Sin intercambio, no hay precios

Cuando decimos que una unidad de un bien, X, vale cinco veces más que una unidad de otro bien, Y, ¿qué queremos decir con eso? ¿Cómo lo sabemos? ¿Cómo sabemos que vale cinco veces más que trece veces o tres mil veces? La respuesta es: porque ésa es la proporción en la que la gente suele estar dispuesta a intercambiar X e Y entre sí. Si a unas personas les das X y a otras Y, y les dejas que intercambien entre sí, convergerán en esa relación de intercambio de 5:1. Pero para eso, necesitas intercambiar. Pero para eso se necesita el intercambio. Si nadie intercambia nunca X e Y, no tenemos ni idea de cuál es la proporción “correcta”.

Von Mises suponía que, incluso en una economía socialista, seguiría habiendo algo así como “precios de mercado” para los bienes de consumo. Ello se debe a que suponía que existirían amplios mercados secundarios informales. Supongamos que el Estado asume que X vale tres veces más que Y, y reparte raciones de X e Y sobre esa base.

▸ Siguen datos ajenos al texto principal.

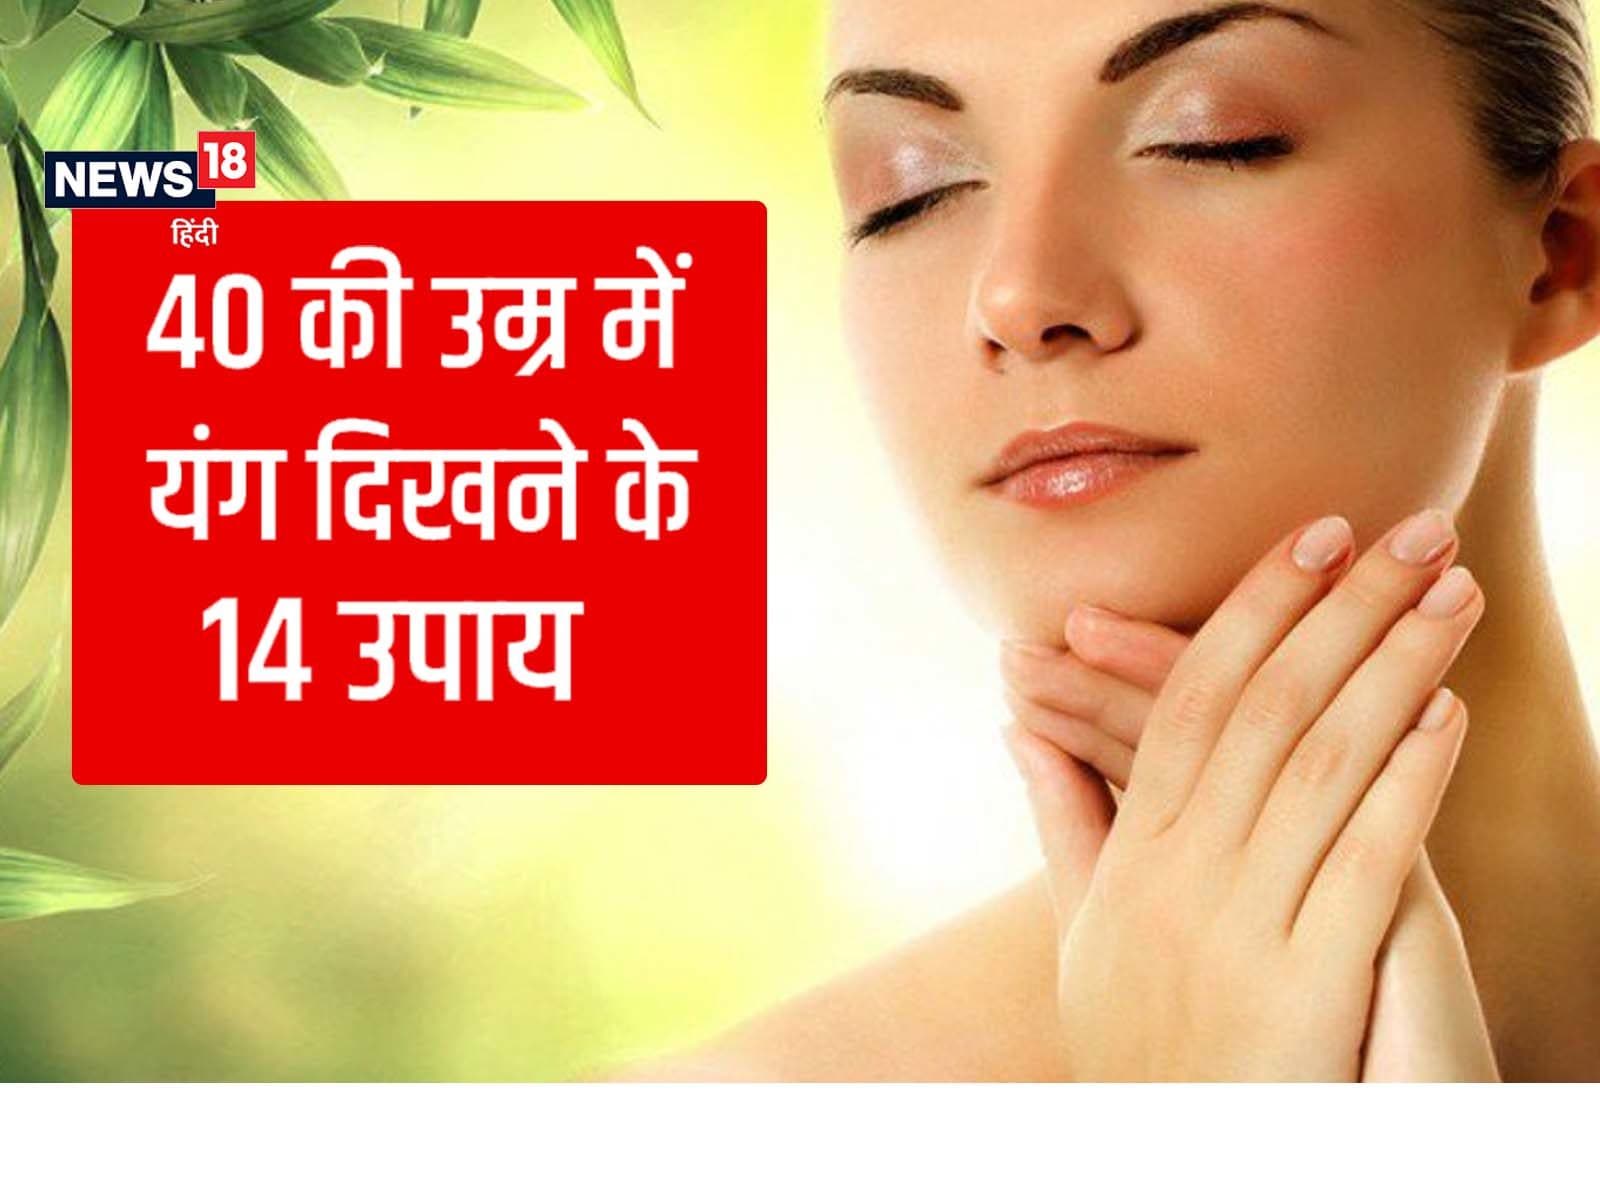 40 की उम्र में भी दिखेंगे यंग, अगर फॉलो करेंगे ये 14 सीक्रेट लाइफस्‍टाइल  टिप्‍स - skin care how to look younger after 40 lifestyle tips in hindi pra  – News18 हिंदी

Pero es una proporción errónea, porque los consumidores valoran X cinco veces más que Y, no tres. La gente empezaría entonces a comerciar entre sí, y la proporción 5:1 sería observable en el mercado secundario. El Estado podría reaccionar y corregir la asignación primaria.

Sencillamente, imposible

Que yo sepa, eso nunca ha ocurrido. Hubo amplios mercados negros bajo el socialismo, pero no tengo constancia de que los planificadores socialistas observaran los precios de mercado en esos mercados negros y respondieran a ellos. Pero fue la suposición optimista de von Mises que una economía socialista podría, de esta manera indirecta, todavía generar algo parecido a los precios de mercado para los bienes de consumo.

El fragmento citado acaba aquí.